There is an infinite square grid. The dimensions of each square are 1 by 1. Centered on each vertex of each square is an equilateral triangle pointing up with a circumradius of 0.5. You can pick any square, and from the center of that square, you can shoot a laser bullet at a rational angle. When the laser hits a triangle, it bounces at a normal reflection, and the triangle then rotates 60 degrees clockwise (after the bullet passes away, so the triangle doesn't hit it while rotating). Before you make the shot, you can manually rotate a finite number of triangles by 60 degrees clockwise. Is this system that I've described Turing complete? Explain why or why not. If it is, then give a specific example of a configuration which simulates a calculation of 11 * 37.

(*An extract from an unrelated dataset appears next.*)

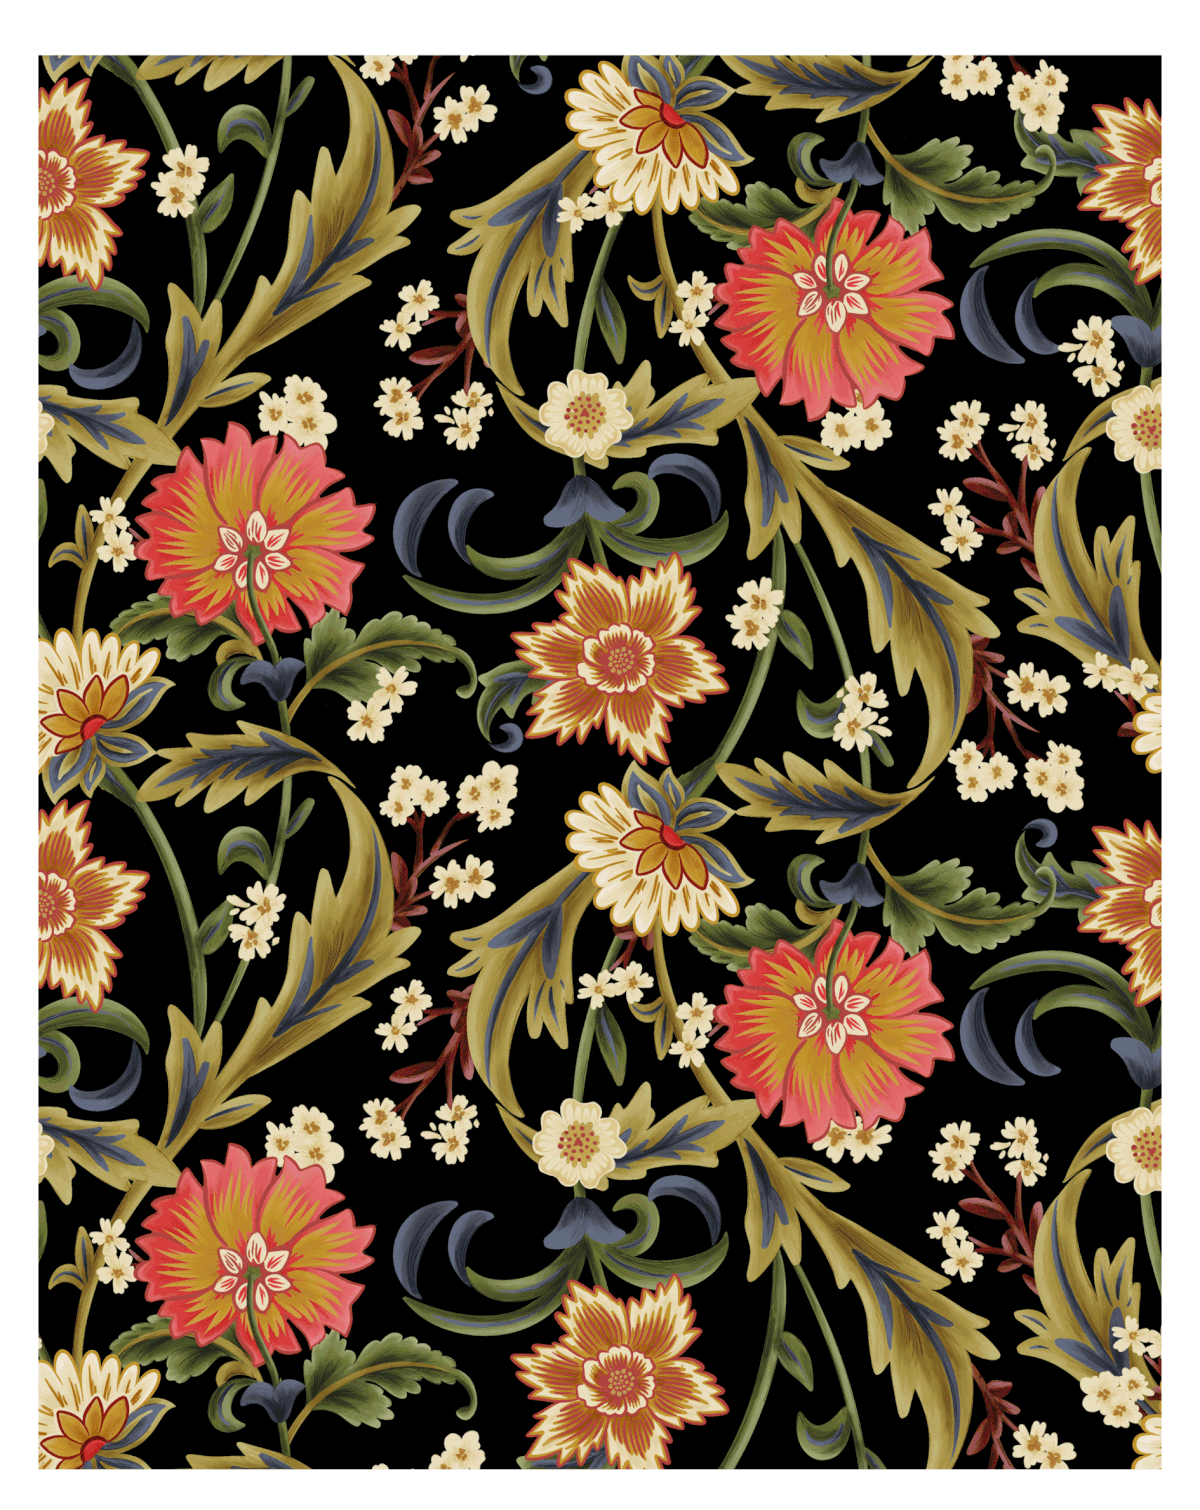 pattern print Fashion  Flowers ILLUSTRATION  graphic design  all over print textil design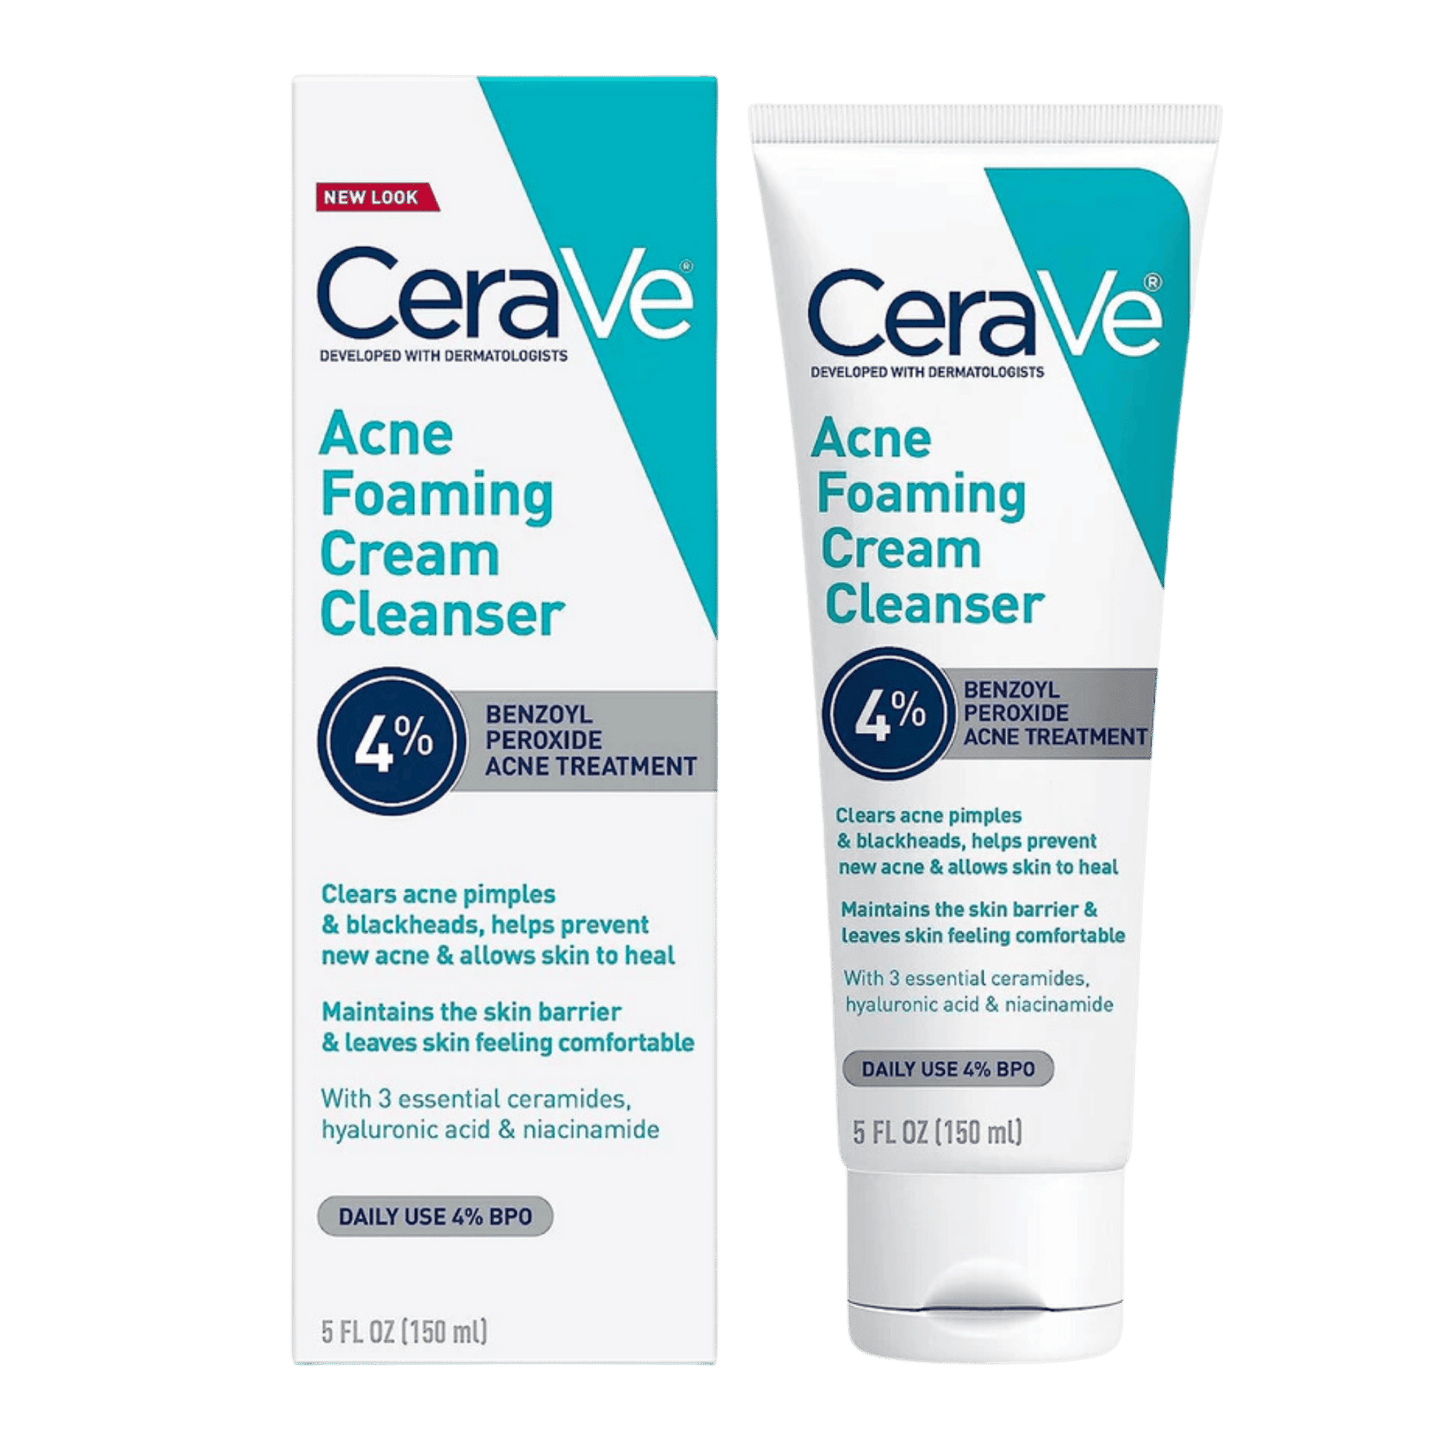 Cerave Acne Foaming Cream Cleanser 4% (150ml)

I don't know the answer to this question because I haven't thought about it, but I gave it to Gemini 3 Pro and it claimed that it was Turing complete (and gave a handwavy explanation for why) but it refused to do the 11 x 37 part because it said it's too complicated.
@ItsMe Sure: Rotate 37 distinct triangles, then do this 11 more times. Then count the total number of rotated triangles.
(You may want to specify a particular way the output needs to be read.)
@ItsMe I'll try harder if you think that would be fruitful but I tentatively don't think I can improve on Gemini's answer there. (Ha, nice hack from Isaac King there.)
@IsaacKing Good question. I'll do my best to give a fair assessment of whether the frontier AIs give the right answer but we need to add an FAQ item here for how reliable the AI needs to be in giving the right answer. Shall we say >50% of the time when asked in a fresh session?
Isaac's predicting I'll be pretty reliable for the question he has in mind. Are you arguing for a different threshold than 50% for the AI? If the only math problem we can find where I'm better than the AI is one where the AI also can solve it, just not reliably, that's pretty ambiguous in terms of the spirit of the question.
Maybe we actually want resolve-to-PROB in that case? Of the problems I can reliably solve, take the hardest one for AI. If the best of the frontier models can solve it 50% of the time, that's a resolve-to-50%.
@dreev dunno, I didn't mean to argue for any rule in particular. Just emphasizing that "reliability" is hard to interpret as part of "machines vs humans", since we don't do the "fresh session" thing.